Doctor Who #126: The War Machines Part 3

"You see the official mind can only take in so much at a time."TECHNICAL SPECS: First aired Jul.9 1966.

IN THIS ONE... A hypnotized Polly puts Ben to work, and war breaks out between the British army and the war machines.

REVIEW: This serial really does look like they've abandoned the "record as live" format, but I'm assured they haven't. It's not just that there's a lot of location stuff shot on film, but director Michael Ferguson makes other sequences match with lots of close-ups and inserts. Of course, it's not all roses. The battle between the army and the war machines goes on wayyyyyy too long and tests our patience by making the same point - that whatever gas the machines fire prevent guns from working - over and over again. However, it's a sort of pilot for the UNIT era, still years away, as beret-clad soldiers fire ineffectually at the monsters. The War Machines is ahead of its time. It's really a Pertwee story.

Polly got grabbed at the end of the previous episode, so here she's under WOTAN's control. It still doesn't prevent her from saving Ben's life and later letting him escape. Polly's got a lot more resolve than your average companion, and her fairly recent bond to Ben is enough to help her break the spell. It's also of interest to note that WOTAN isn't exerting direct control over its pawns. Polly, as a more recent convert, can update the others' orders, acting as a patch on their programming. I am, of course, making more computer sense than the episode does.

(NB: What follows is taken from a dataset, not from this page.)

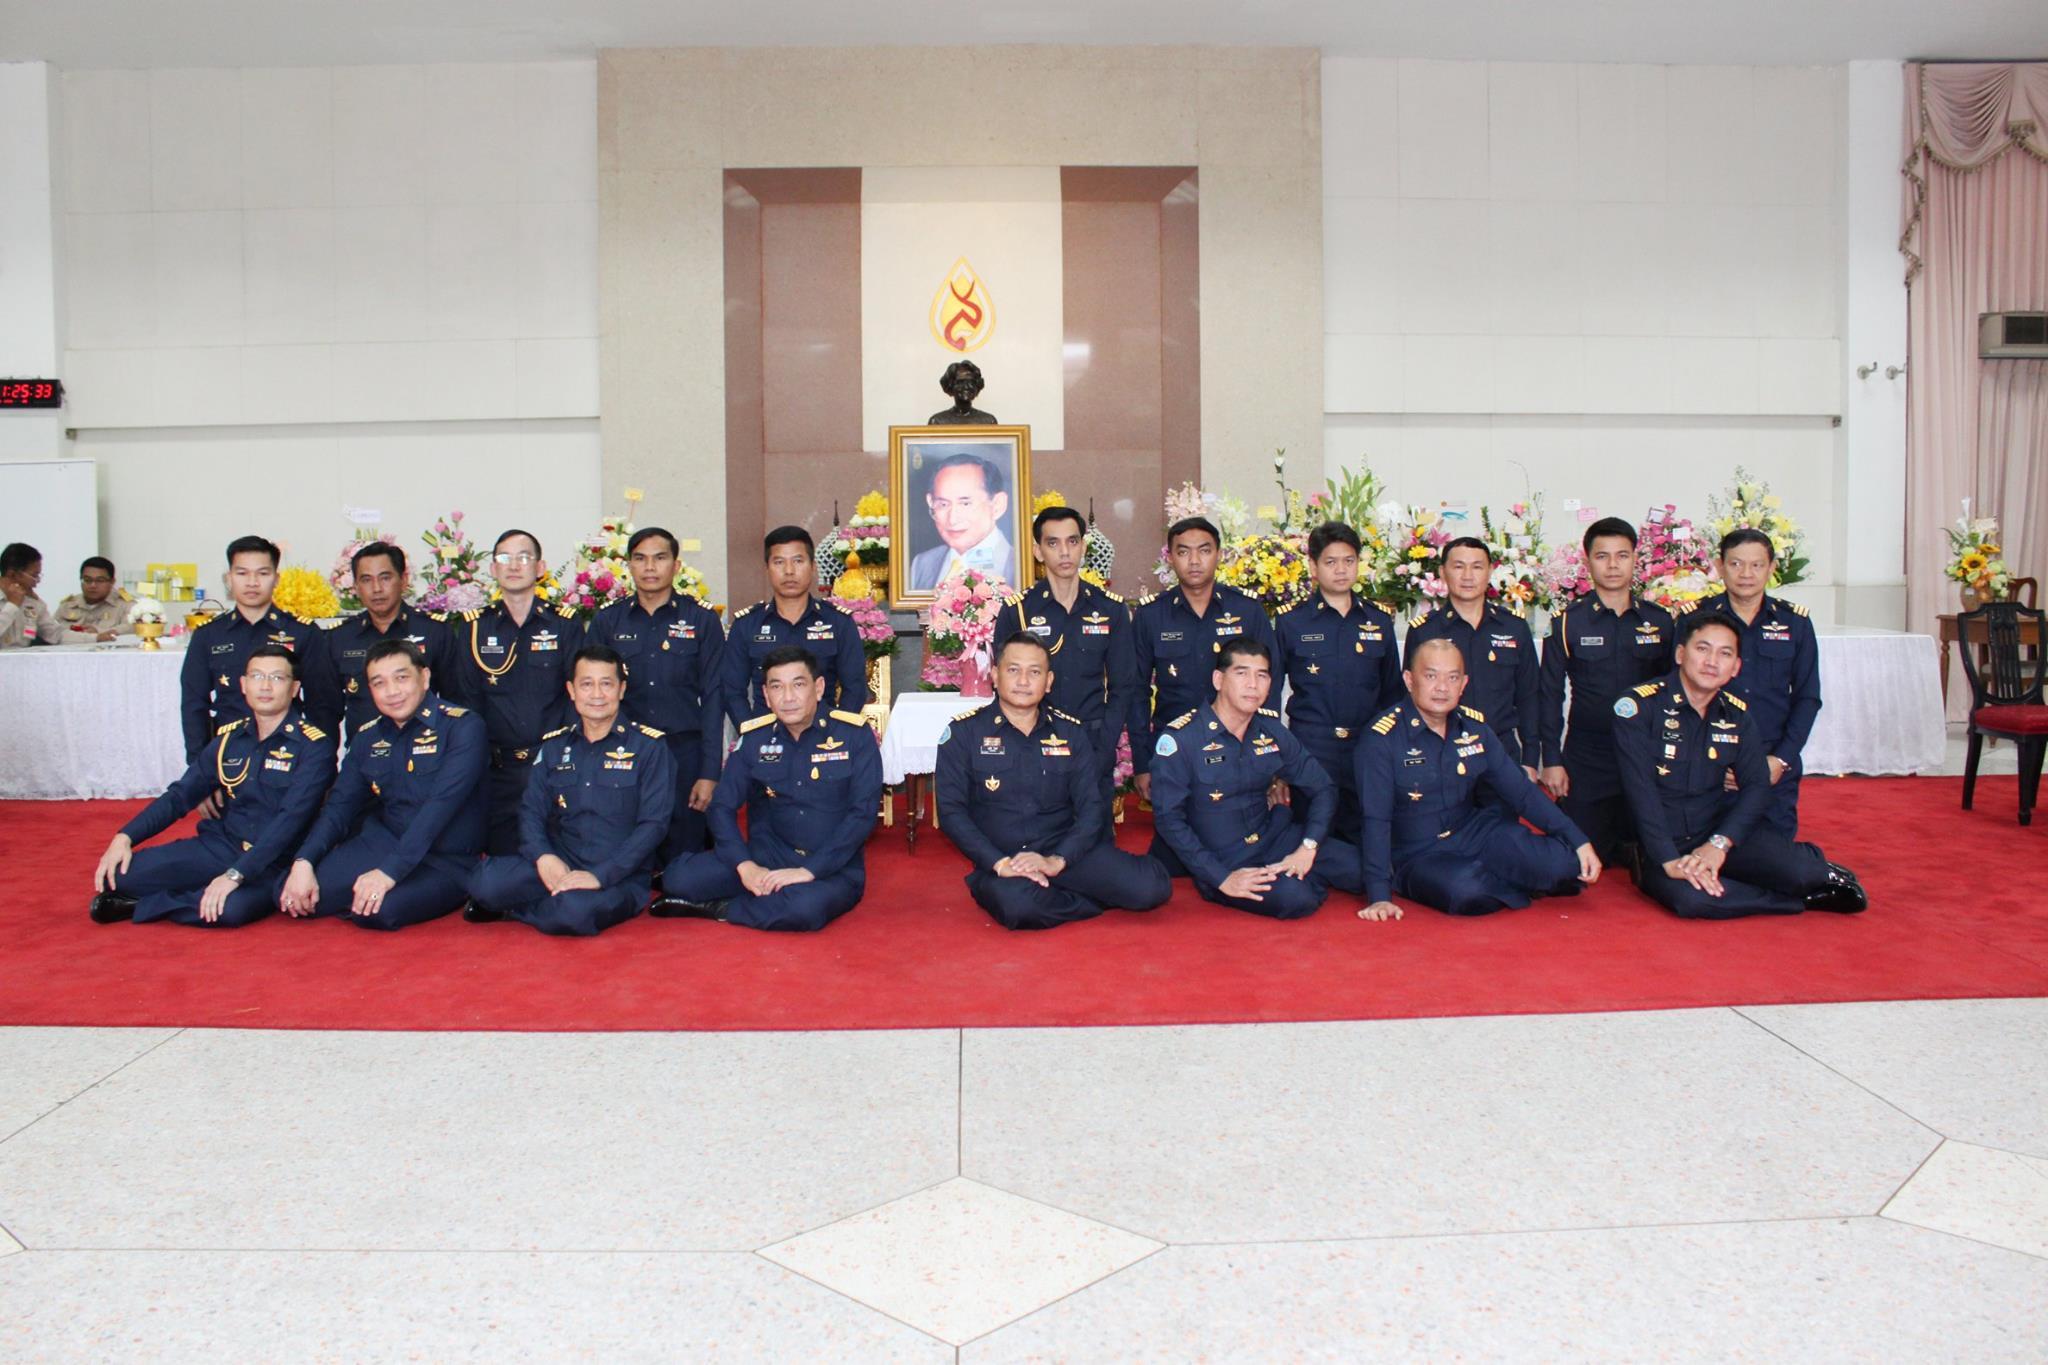 สำนักงานผู้บังคับทหารอากาศดอนเมือง ลงนามถวายพระพรพระบาทสมเด็จพระเจ้าอยู่หัว

Forget the perhaps-companions and the smoking war machines though, the real character to watch is the Doctor, off-model though he may be. Hartnell is sharp and precise in both word and gesture throughout the episode, another reason why it doesn't feel like the usual "as live" Doctor Who of this era. His standing there, in the machine's spotlight, holding his ground as the soldiers all run, is a great cliffhanger and a wonderful moment. Especially after we've seen the machines bulldozing tired workers like something out of concentration camp horror. Machines as the new master race, or WOTAN's Internet as Stalinist communism? Both are evoked.

REWATCHABILITY: Medium - The Doctor's great as is the direction, unless you count the endless fighting and mayhem in the alleyways of London (and yet, some of that looks cool too).


LiamKav said...

Is Hartnell's Doctor the one with the most different "interpretations"? He seems to have 3 distinct phases: The initial antagonistic anti-hero, the middle wanderer who does good, and the late "turn up and fix the issues forcibly" version that has started appearing over the last few versions?

The only other Doctor I can think who changes this much is the Seventh.

Siskoid said...

Maybe this project will highlight others. The 1st Doctor didn't have a template, either for the actor or for the writers, so it makes sense that even three years in, they're still experimenting with the character. One regeneration becomes a thing, character renewal is built-in, so you don't need to fiddle with the portrayal, you just change actors.